Le juge-rapporteur, reprenant la parole, souligne le clivage entre latins et alémaniques et l’attitude particulière d’UBS qui a porté plainte, mais avec un vice de forme, puis n’a pas fait appel, tout en soutenant celle du Ministère public. 

Il rappelle que l’article 381 du Code de procédure pénale (CPP) a une portée plus large que l’article 81 de la Loi sur le Tribunal fédéral (LTF). Celle-ci étant plus restrictive. Selon lui, il n’y a donc pas d’incohérence à refuser le recours du Ministère public au niveau fédéral.

Après un deuxième tour de parole, les juges déclarent, à trois voix contre deux, le recours irrecevable. 

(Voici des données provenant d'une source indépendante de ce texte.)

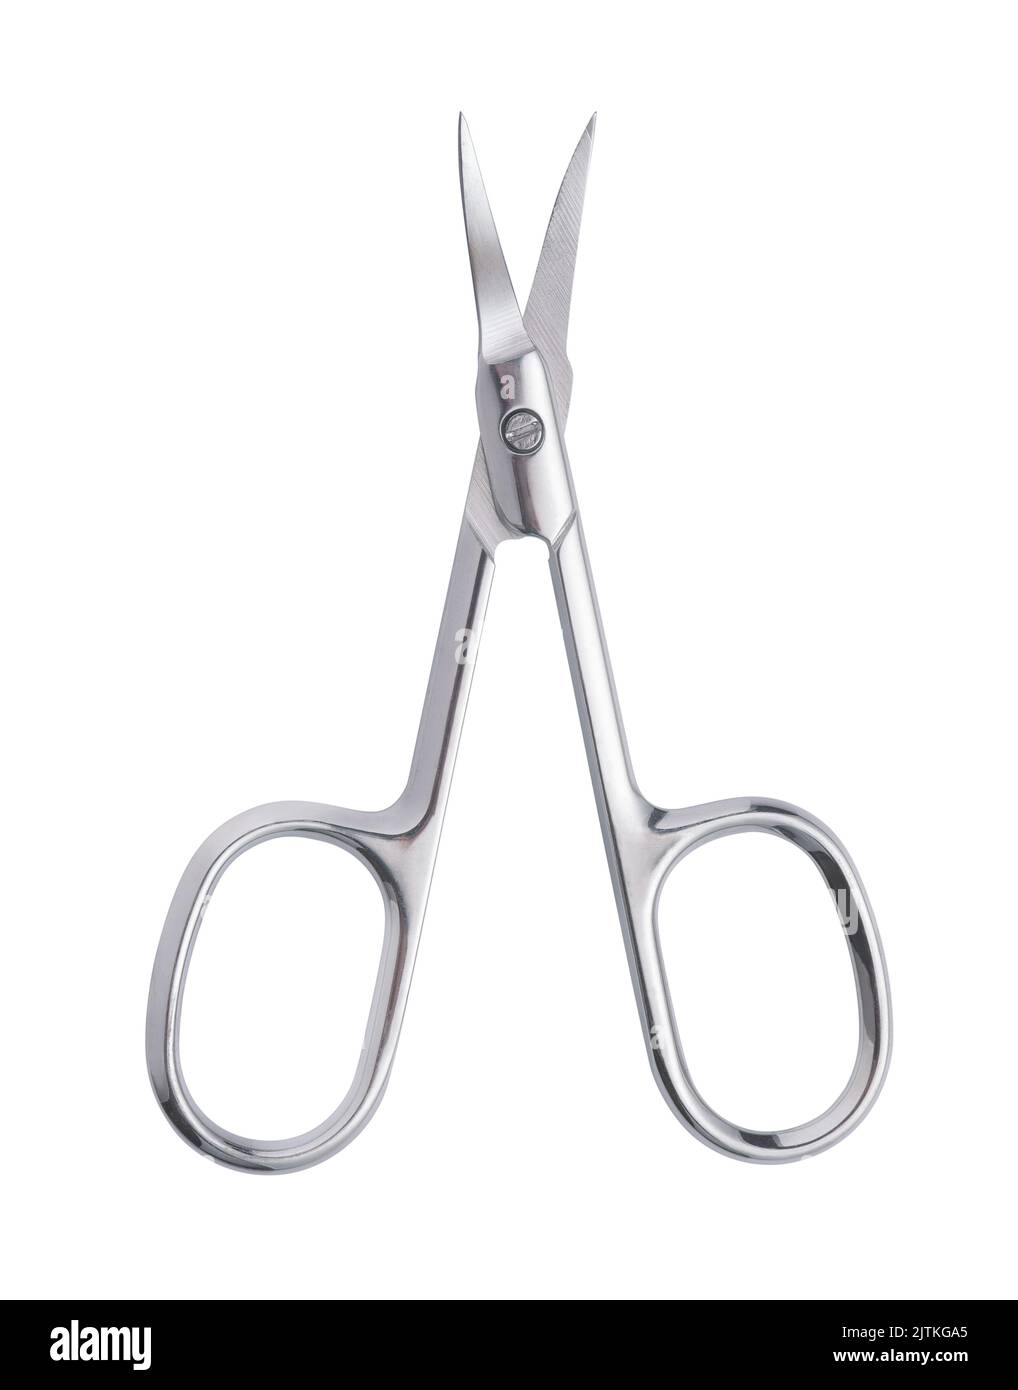 Front view of stainless steel manicure scissors isolated on white Stock Photo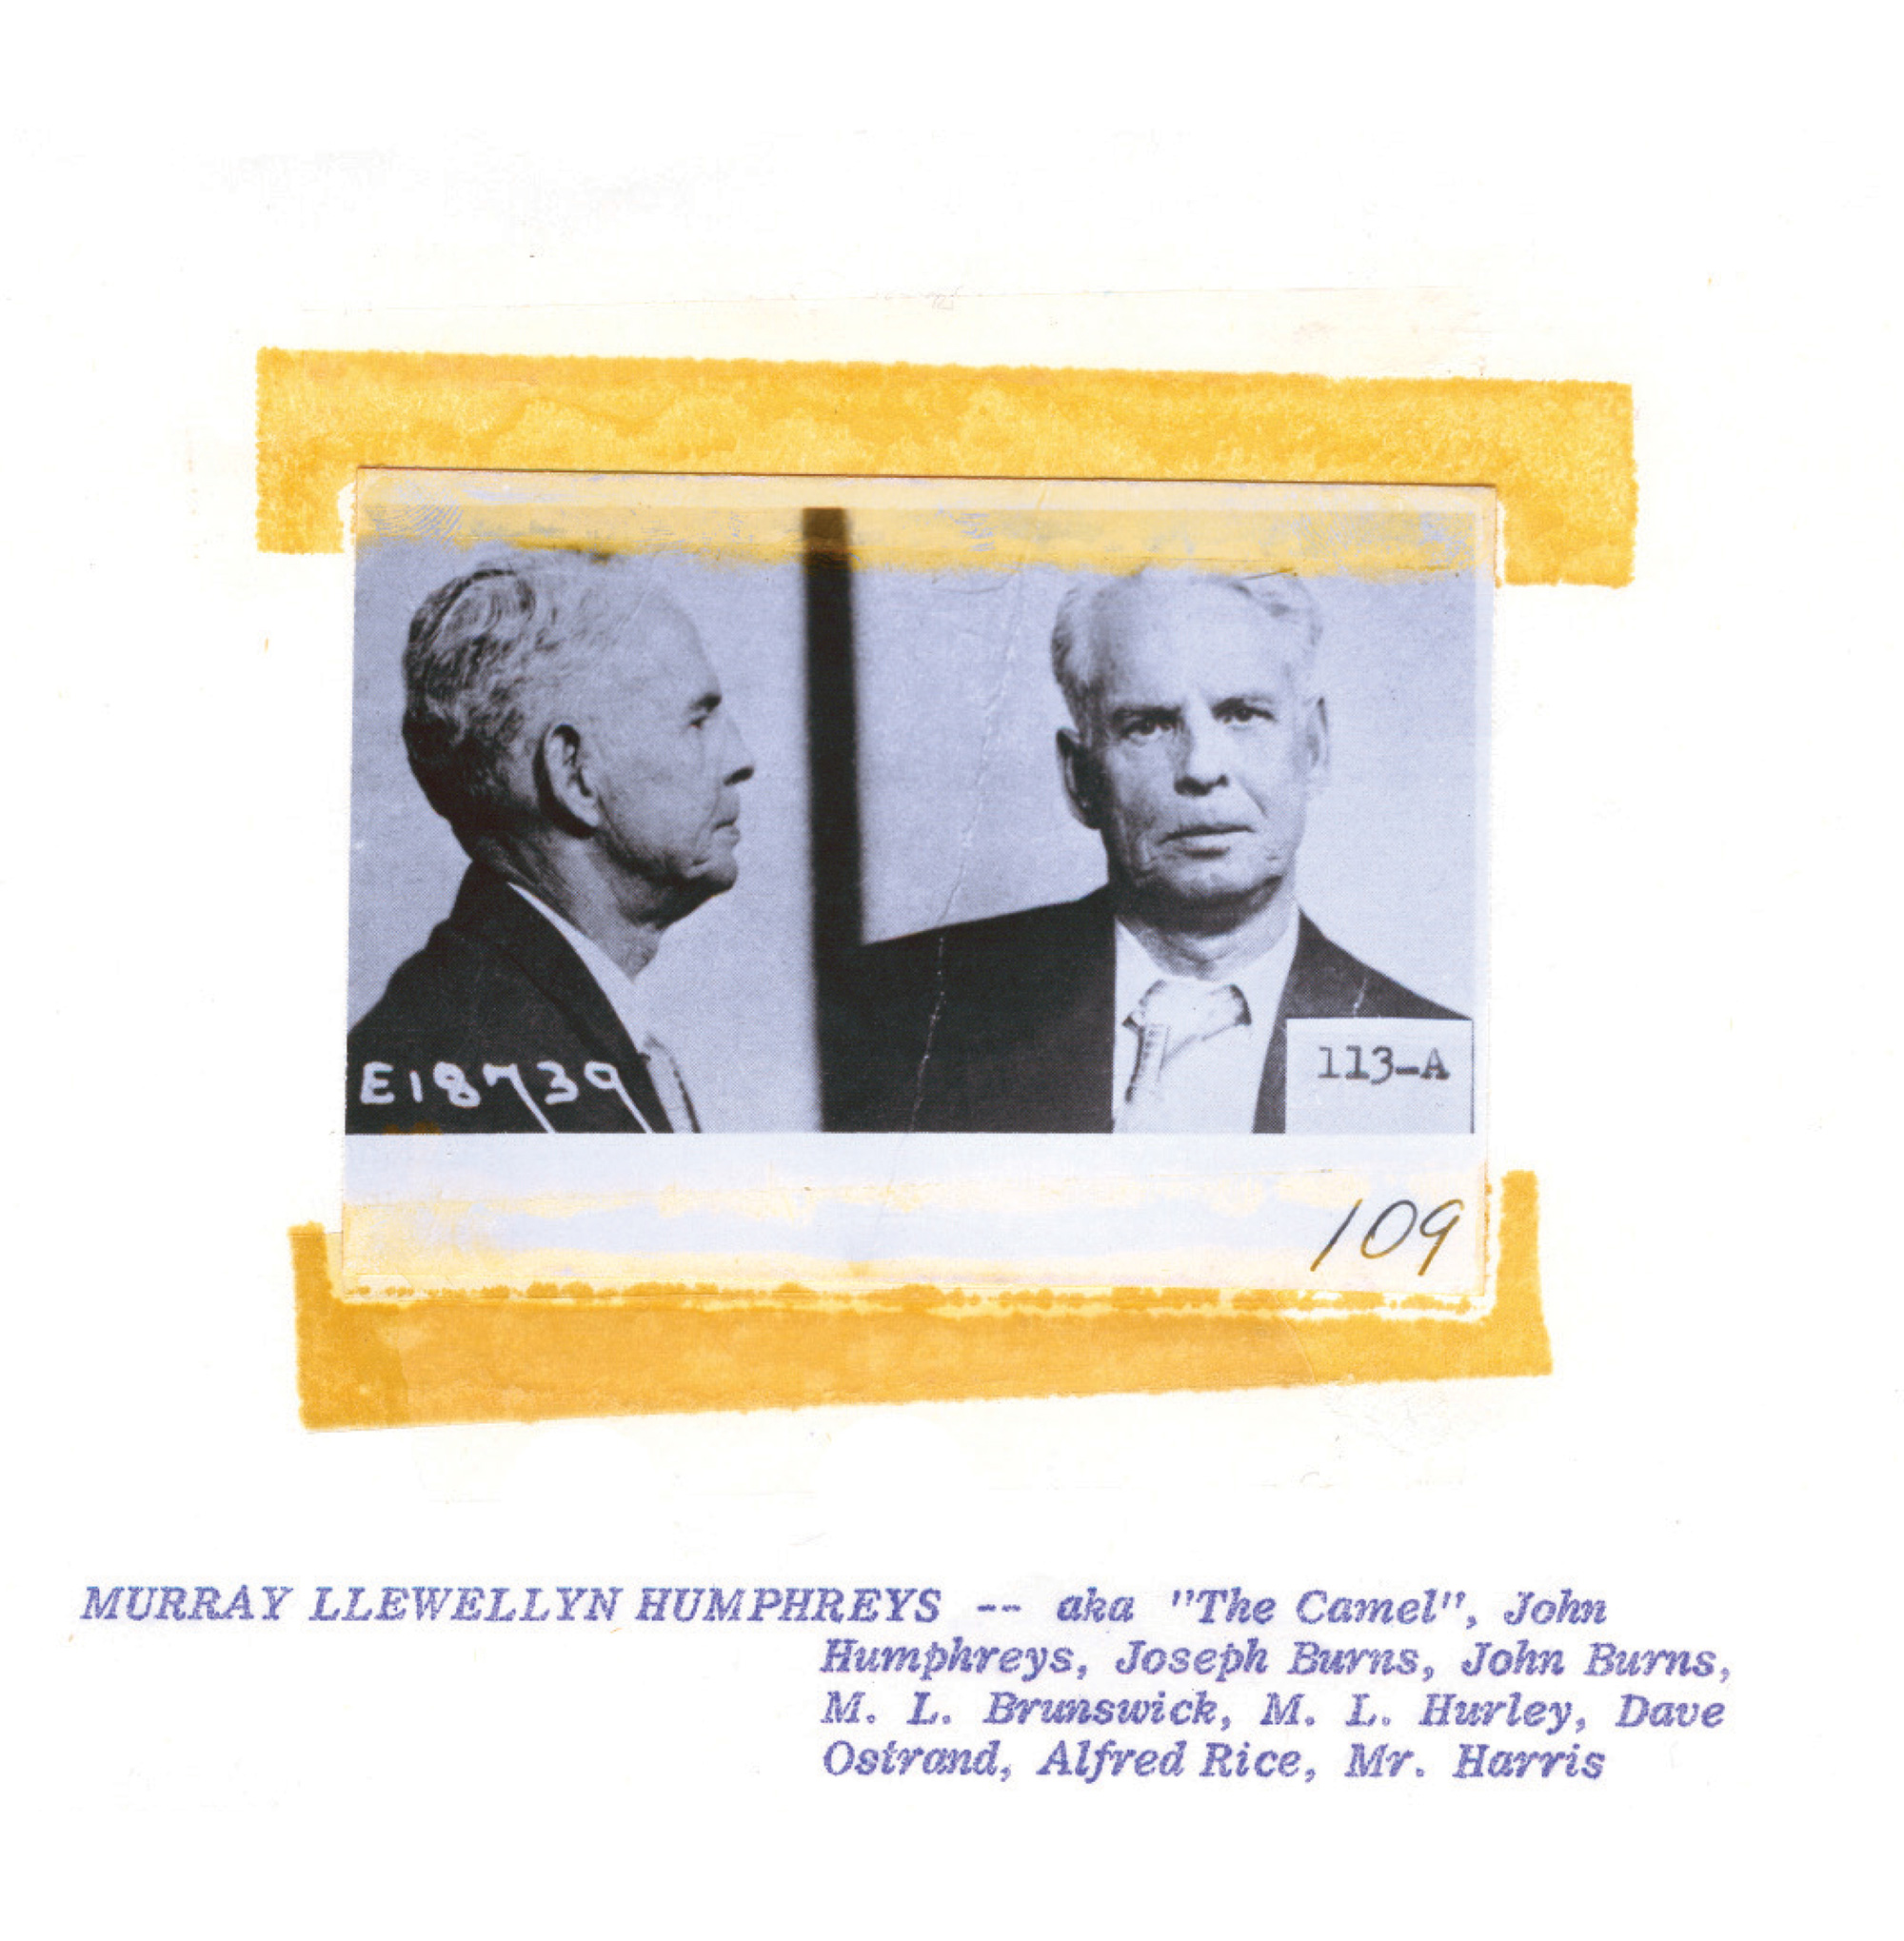 A page from the 1960 Nevada State Gaming Control Board’s Black Book, showing a mug shot of an excluded person.

Un frein au Ministère public

A la sortie du Tribunal, Clémence Demay, docteure en droit et autrice du Droit face à la désobéissance civile, estime que cette décision du TF peut avoir une influence sur les militants du climat ou, plus généralement, sur les actions de désobéissance civile, car elle permet de limiter l’expansion du chilling effect, soit cet effet dissuasif sur l'exercice légitime de ses droits du fait de la menace d'une sanction légale. «Ces dernières années, même lorsqu’il y a acquittement au niveau cantonal, il n’est pas rare que le Ministère public vaudois continue tout de même la procédure. Cette décision, aujourd’hui, permet de le recadrer et de mettre un frein à ces pratiques. Car son rôle n’est pas de défendre les intérêts d’une entreprise.» Elle ajoute: «Dans d’autres domaines, cela choquerait que le procureur se fasse la voix de la partie plaignante, il n’y a pas de raison qu’il en soit autrement face à la désobéissance civile.»